I know the --verbose
or -v
from several tools and I'd like to implement this into some of my own scripts and tools.
I thought of placing:
if verbose: print ...
through my source code, so that if a user passes the -v
option, the variable verbose
will be set to True
and the text will be printed.
Is this the right approach or is there a more common way?
Addition: I am not asking for a way to implement the parsing of arguments. That I know how it is done. I am only interested specially in the verbose option.
The -v option tells the shell to run in verbose mode. In practice , this means that shell will echo each command prior to execute the command. This is very useful in that it can often help to find the errors.
There are several ways to enable Verbose Mode. During startup, the screen may display which key(s) to press on the keyboard to enable Verbose Mode. Usually, users would press the Esc (escape) key for Linux, or the keyboard shortcut Ctrl + V for Microsoft Windows, and Command + V for macOS.
verbose: log. basicConfig(format="%(levelname)s: %(message)s", level=log.
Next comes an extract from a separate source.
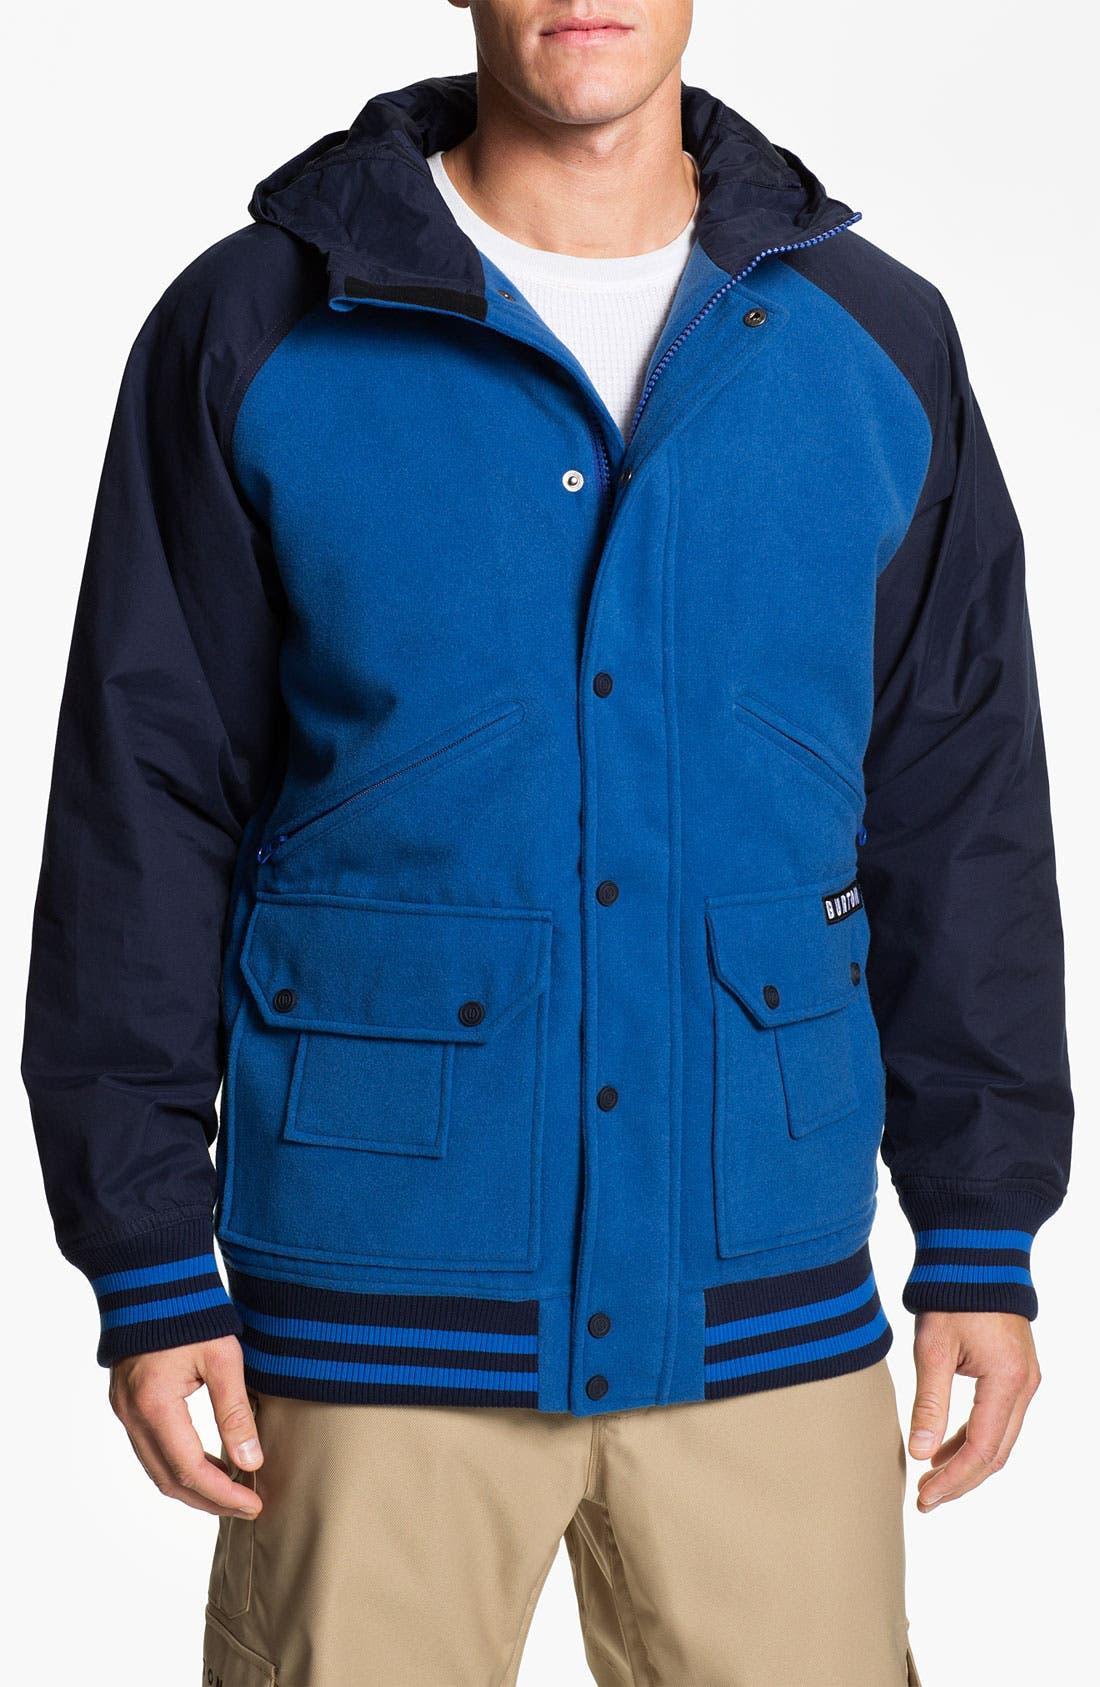 Main Image - Burton 'B-Side' Varsity Jacket

DEBUG) log.info("Verbose output.") else: log. basicConfig(format="%(levelname)s: %(message)s") log.info("This should be verbose.") log.
-v (short for verbose) – tells the shell to show all lines in a script while they are read, it activates verbose mode. -n (short for noexec or no ecxecution) – instructs the shell read all the commands, however doesn't execute them. This options activates syntax checking mode.
My suggestion is to use a function. But rather than putting the if
in the function, which you might be tempted to do, do it like this:
if verbose: def verboseprint(*args): # Print each argument separately so caller doesn't need to # stuff everything to be printed into a single string for arg in args: print arg, print else: verboseprint = lambda *a: None # do-nothing function
(Yes, you can define a function in an if
statement, and it'll only get defined if the condition is true!)
If you're using Python 3, where print
is already a function (or if you're willing to use print
as a function in 2.x using from __future__ import print_function
) it's even simpler:
verboseprint = print if verbose else lambda *a, **k: None
This way, the function is defined as a do-nothing if verbose mode is off (using a lambda), instead of constantly testing the verbose
flag.
If the user could change the verbosity mode during the run of your program, this would be the wrong approach (you'd need the if
in the function), but since you're setting it with a command-line flag, you only need to make the decision once.
You then use e.g. verboseprint("look at all my verbosity!", object(), 3)
whenever you want to print a "verbose" message.
Use the logging
module:
import logging as log … args = p.parse_args() if args.verbose: log.basicConfig(format="%(levelname)s: %(message)s", level=log.DEBUG) log.info("Verbose output.") else: log.basicConfig(format="%(levelname)s: %(message)s") log.info("This should be verbose.") log.warning("This is a warning.") log.error("This is an error.")
All of these automatically go to stderr
:
% python myprogram.py WARNING: This is a warning. ERROR: This is an error. % python myprogram.py -v INFO: Verbose output. INFO: This should be verbose. WARNING: This is a warning. ERROR: This is an error.
For more info, see the Python Docs and the tutorials.